Ah yes, the "mine" phase. Geez, this parenting thing is full of fun stuff, isn't it









Just do as the pp have said, gently but firmly explain that No, that item belongs to (whoever) and tell her to give it to you, take it if necessary.

As for your breasts, dd went through this too and I had to explain to her that no, they were mommy's, even though she was still nursing. And occasionally now we have the "Yes I'm your mommy, but I'm also Gabriel and Cameron's mommy too."

You're going to feel like a broken record for a little while, but they do grow out of it. I promise.

What I found the hardest (and we still have occasional issues with it) was getting her to allow others to play with her toys. Especially if she's tired, she will sometimes get really upset if her little friends play with her toys. Now, if it's a special toy (like her stuffed kittys) I might help the other little one find something else, because those are her comfort items and it's not fair to make her part with them, but other stuff I will say to her that "Yes it's your toy, but you need to give your friend (name) a turn. When (name) is done, then you can play with it." And that usually means she'll now sit on my lap until she's over it, or so-and-so is done with the item, but she does get it.

Hope that helps.


----------



## dawncayden (Jan 24, 2006)

Quote:


Originally Posted by *lalaland42* 
I don't actually take things from DD because that would just start a fight. What I do instead is tell her, "actually those scissors are mommy's, can I have them please?" and I hold out my hand for them until she hands them to me. If she won't give them to me, I reiterate that they are mine and they aren't for Sophie because they are sharp (or whatever). Sometimes it takes quite a while to get them back but I try to just keep asking for them over and over. YMMV depending on the temperment of your DC though. Sometimes I do trade her for something that she can have too. Depends on the situation I guess.

I do this too. Sometimes he will only hand it over if I say, 'can you help Mommy put it up there please' (on the shelf out of reach etc)


----------



## claras_mom (Apr 25, 2006)

Everything the pp said, and this: I think it's important to acknowledge that some things *do* belong to the child, and emphasize the sharing of them. Or not--on a recent visit with relatives (2 yo and 6.5 yo cousins), I told dd that except for her special baby doll, anything that came out of the room we slept in needed to be shared. If she didn't want to share, it stayed in the back. Her toys; her choice.

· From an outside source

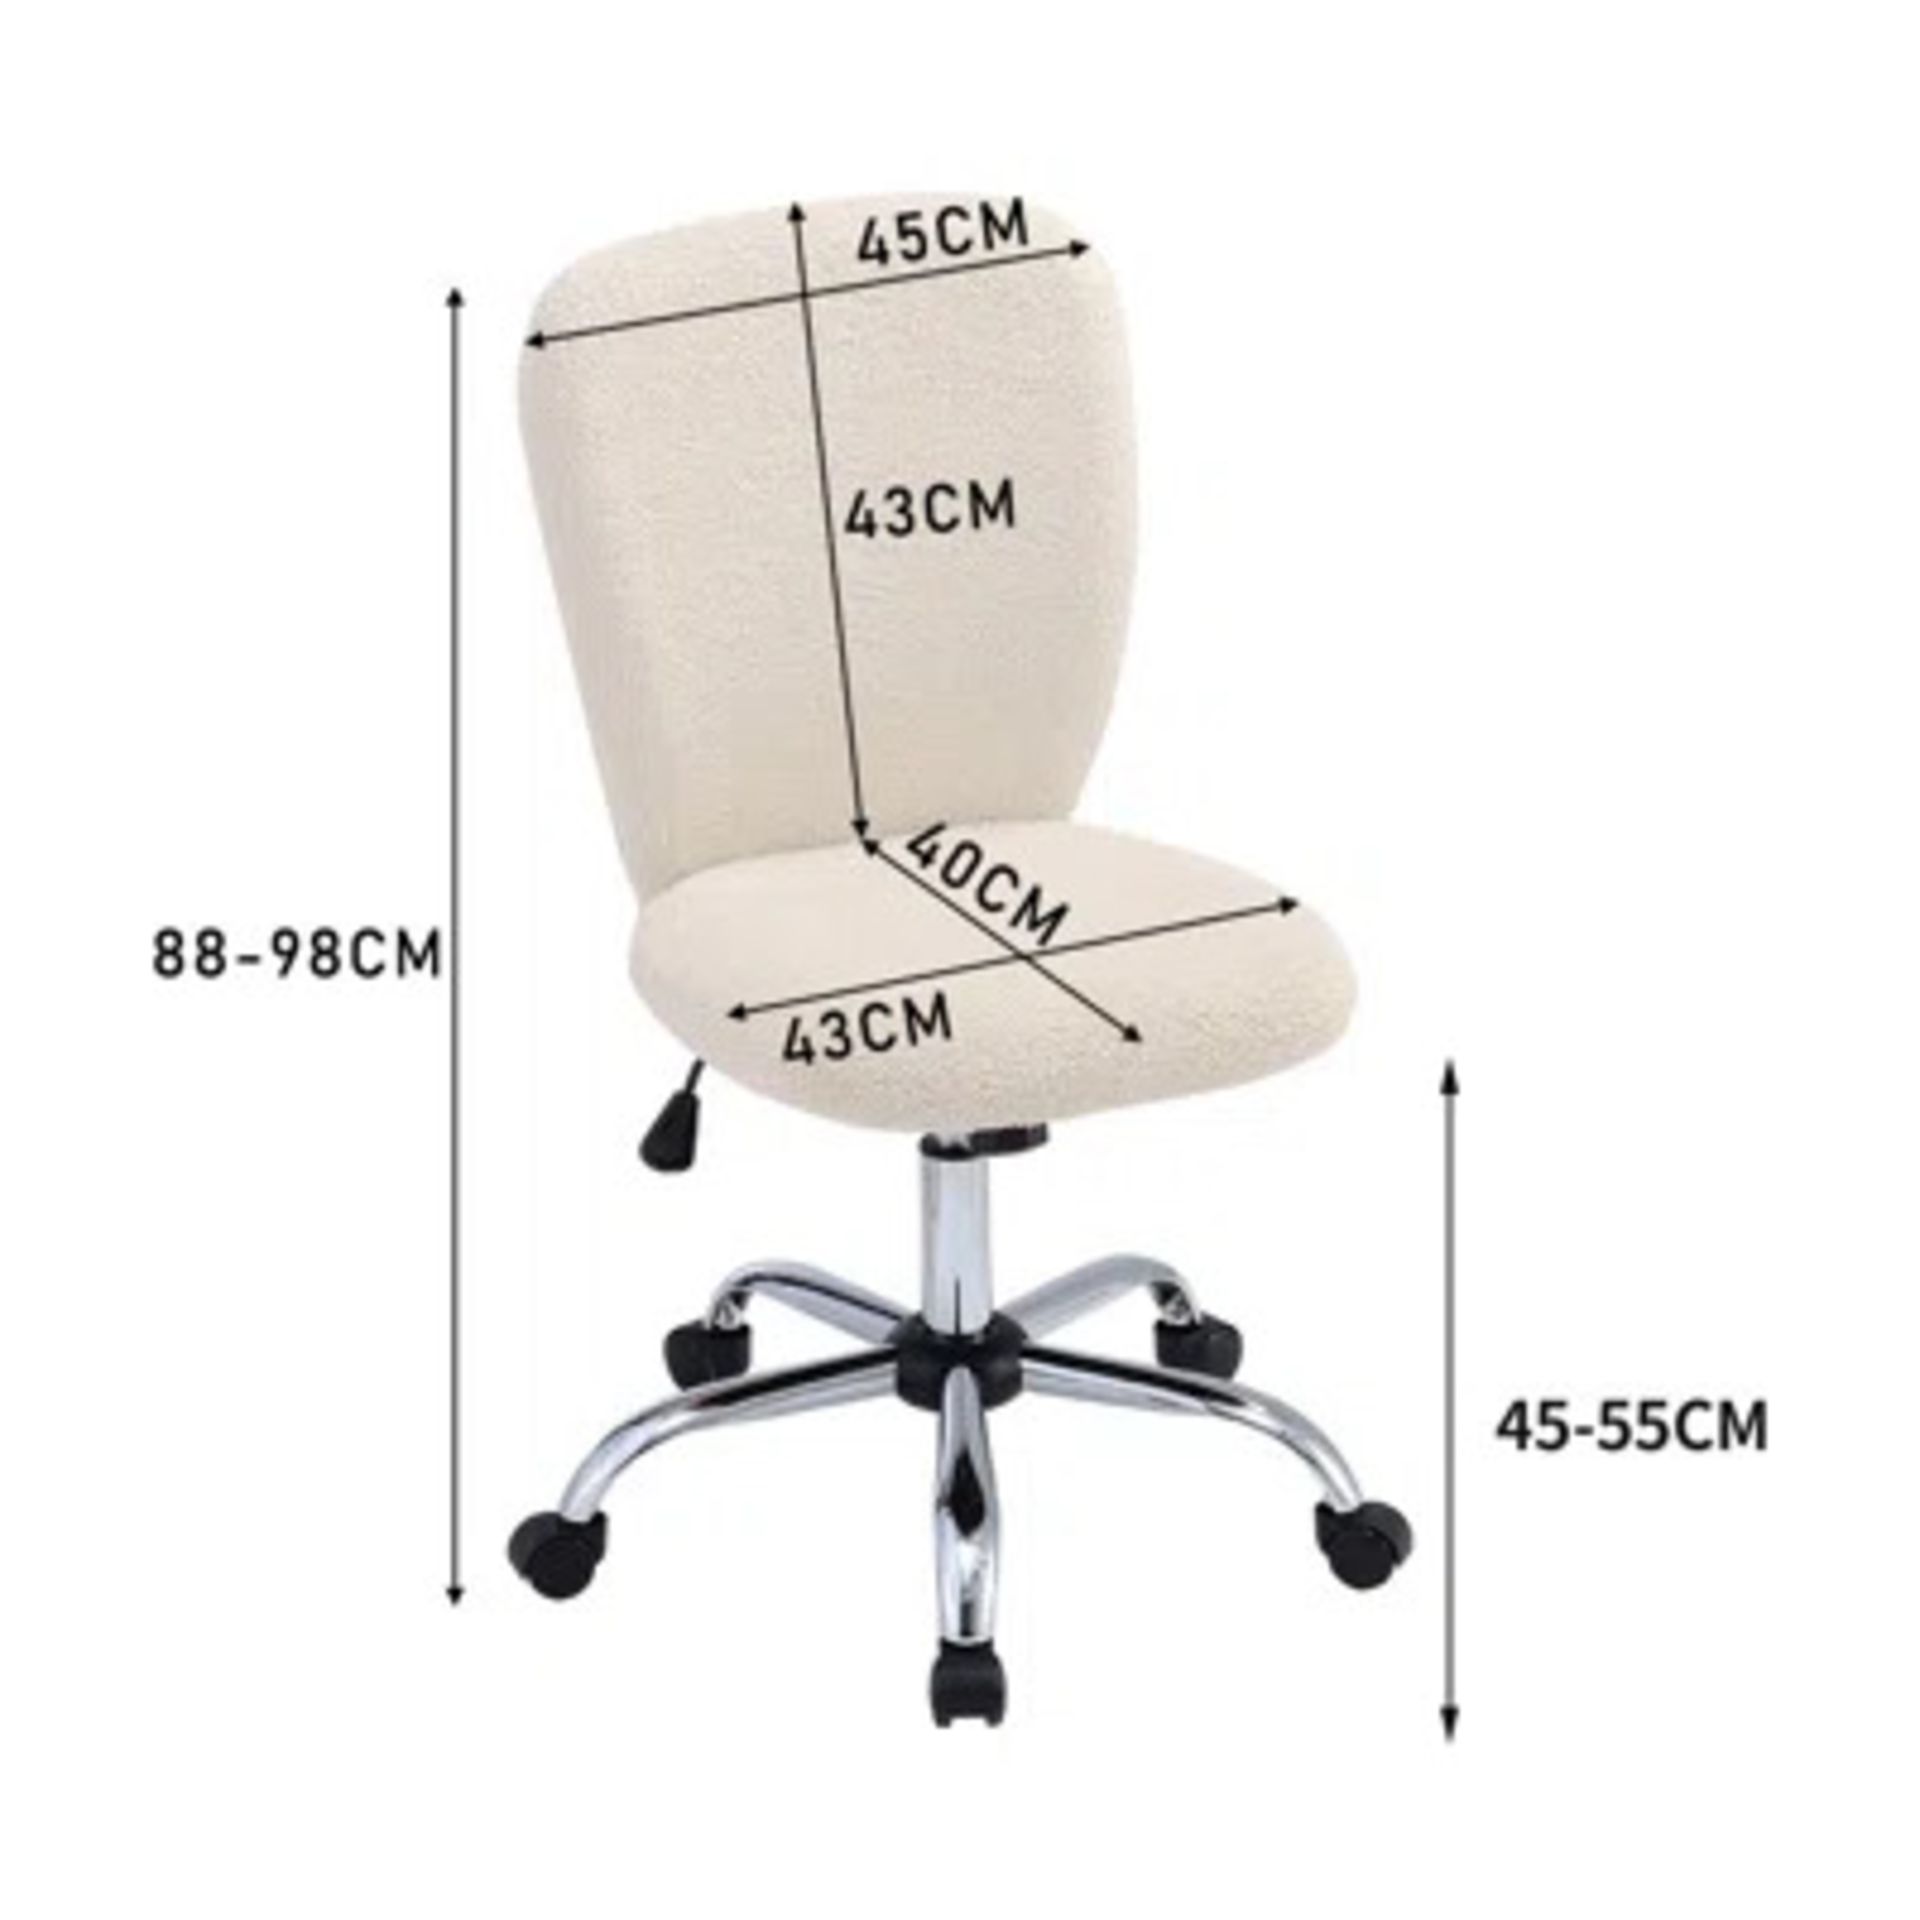 RRP £70.99 - Krilov Ergonomic Office Chair Upholstery Colour: Beige - Image 5 of 6

And you know, armed with control of the situation, she even shared her special baby.


----------



## kaspirant (Apr 28, 2006)

Quote:


Originally Posted by *lalaland42* 
I don't actually take things from DD because that would just start a fight. What I do instead is tell her, "actually those scissors are mommy's, can I have them please?" and I hold out my hand for them until she hands them to me. If she won't give them to me, I reiterate that they are mine and they aren't for Sophie because they are sharp (or whatever). Sometimes it takes quite a while to get them back but I try to just keep asking for them over and over. YMMV depending on the temperment of your DC though. Sometimes I do trade her for something that she can have too. Depends on the situation I guess.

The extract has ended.